Unambigous and standard semantics are essential.

Rachel Foerster
Rachel Foerster & Associates, Ltd.
Phone: 847-872-8070


-----Original Message-----
From: William J. Kammerer [mailto:[EMAIL PROTECTED]]
Sent: Friday, January 25, 2002 3:53 PM
To: WEDi/SNIP ID & Routing
Subject: Re: Transactions with mult. senders and mult. receivers


Bob's description of the 837 with respect to multiple providers and
payers has been fascinating, and there's no doubt it helps us to
understand what really goes on out there.  And like Chris, someday I'd
like to find out why things are done this way within the confines of a
particular intermediary.

But I differ with Chris: I don't think this is a problem of routing.
It's important to remember that for any one X12 interchange, there's
only *one* sender (or submitter) and *one* receiver - regardless of the
number of payers or providers whose "stuff" is embedded in a single 837.
To get some boundary on definitions, is it safe to say that the sender
is definitely the guy who creates the ISA?  What can we say about the
receiver?

I would submit that our job is only concerned with the identification of
the trading partners (who may be clearinghouses, billing services,
repricers, etc. - not just providers or payers) at the ISA level, and
the issues of routing - what's needed to be known in order get the
interchange from here to there.

What any intermediary - such as a clearinghouse - does with the enclosed
transactions (and functional groups) is simply none of our business -
project scope-wise.

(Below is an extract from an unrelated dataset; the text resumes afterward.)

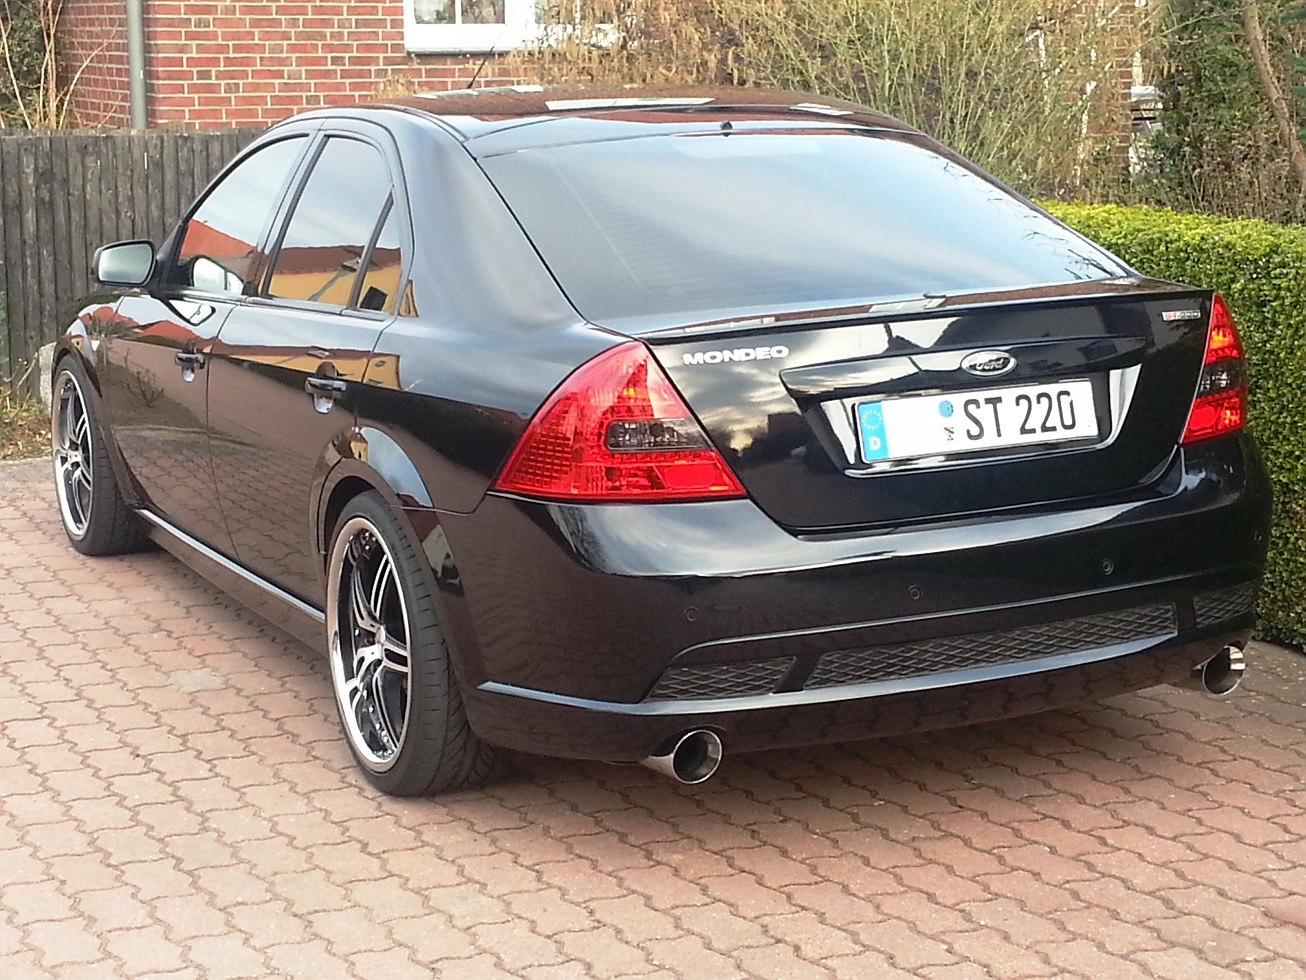 Ford mondeo st220 engine tuning

Such a simplifying assumption should assist us in
maintaining focus.

William J. Kammerer
Novannet, LLC.
+1 (614) 487-0320

----- Original Message -----
From: "Christopher J. Feahr, OD" <[EMAIL PROTECTED]>
To: <[EMAIL PROTECTED]>; <[EMAIL PROTECTED]>
Cc: "Joe Fuchs" <[EMAIL PROTECTED]>; "Michael Smith"
<[EMAIL PROTECTED]>; "Ross Hallberg" <[EMAIL PROTECTED]>;
<[EMAIL PROTECTED]>; <[EMAIL PROTECTED]>
Sent: Friday, 25 January, 2002 02:06 PM
Subject: Transactions with mult. senders and mult. receivers


Now I'm really stumped.  Can someone explain the business use-case for a
single 837 transaction set needing to have multiple "senders" and/or
multiple "receivers"?  I assume that Bob was not referring here to
secondary payors, but to real, honest-to-god, multiple addressees for a
single transaction set?

I understand that a single interchange envelope can have many claim
transactions in it, but I always though of that as "many 837s".  And I
also understand that a single interchange can even contain a "functional
group" of many 837s, a "functional group" of 271s, etc.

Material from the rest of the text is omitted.